Polynomials and equations
An expression of the form
| \displaystyle a_nx^n+a_{n-1}x^{n-1} + \ldots + a_2x^2 + a_1x+a_0 |
where \displaystyle n is an integer, is called a polynomial of degree \displaystyle n in an unknown variable \displaystyle x. The number \displaystyle a_1 is called the coefficient of \displaystyle x, \displaystyle a_2 the coefficient of \displaystyle x^2, etc. The constant \displaystyle a_0 is called the constant term.

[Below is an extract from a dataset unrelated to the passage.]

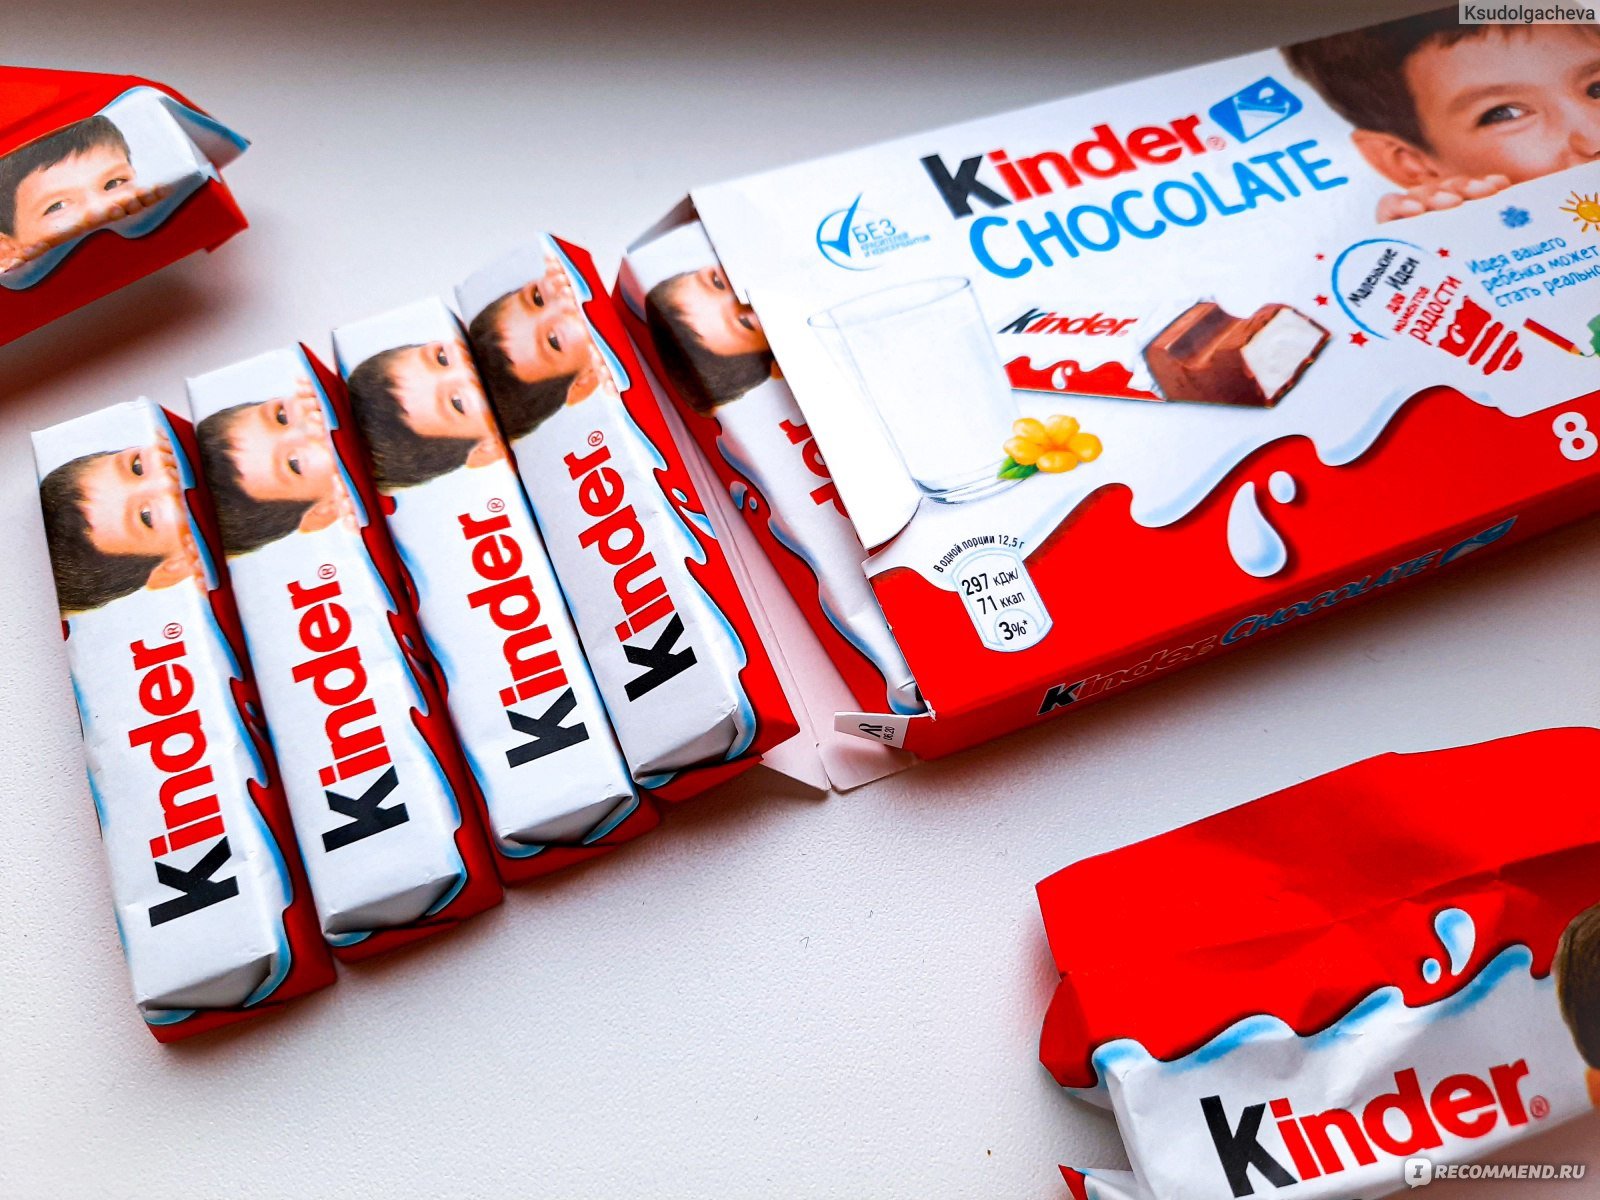 Сколько шоколада в киндере. Шоколадка Киндер. Kinder шоколадки. Kinder Chocolate упаковка. Упаковка шоколадок Киндер.
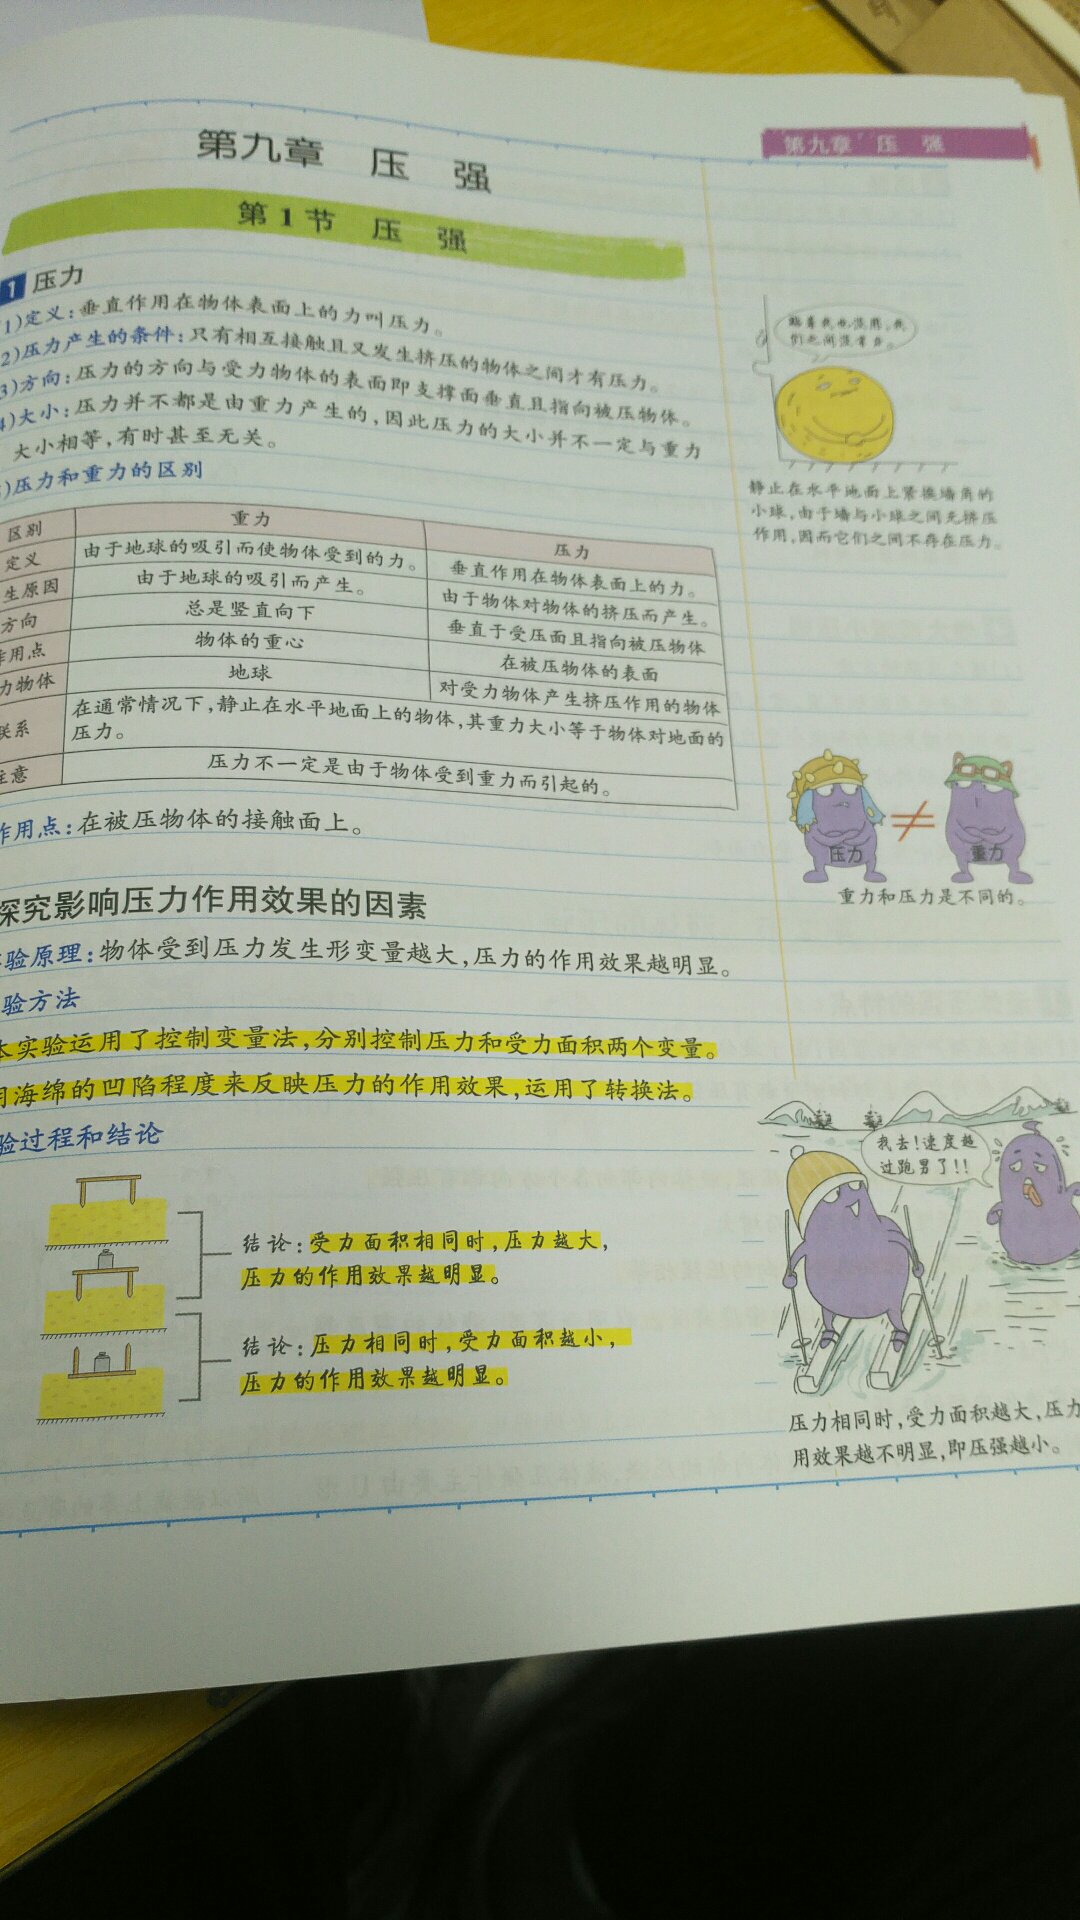 很不错的一本知识笔记，彩色看起来很舒服，学生很喜欢，看过后理解上加深了，物理，化学，生物，各有一本了

Polynomials are essential for a large part of mathematics and have many properties that display great similarities with integers expressed using our "Arabic" (actually originally Indian) place value system. This means that we can often do calculations with polynomials in a similar way as with integers.
Beispiel 1
Compare the following integer written using a base 10,
| \displaystyle 1353= 1\times 10^3 + 3\times 10^2 + 5\times 10 + 3 |
with the polynomial in \displaystyle x
| \displaystyle x^3 + 3x^2 + 5x + 3 = 1\times x^3 + 3\times x^2 + 5\times x + 3 |
and then the following divisions,
- \displaystyle \quad\frac{1353}{11} = 123 \qquad as \displaystyle \ 1353= 123\times 11\,,
- \displaystyle \quad\frac{x^3 + 3x^2 + 5x + 3}{x+1} = x^2+2x+3\qquad since \displaystyle \ x^3 + 3x^2 + 5x + 3= (x^2+2x+3)(x+1)\,.
If \displaystyle p(x) is a polynomial of degree \displaystyle n then \displaystyle p(x)=0 is called a polynomial equation of degree \displaystyle n. If \displaystyle x=a is a number such that \displaystyle p(a)=0 then \displaystyle x=a is called a root, or solution of the equation. One also says that \displaystyle x=a is a zero of \displaystyle p(x).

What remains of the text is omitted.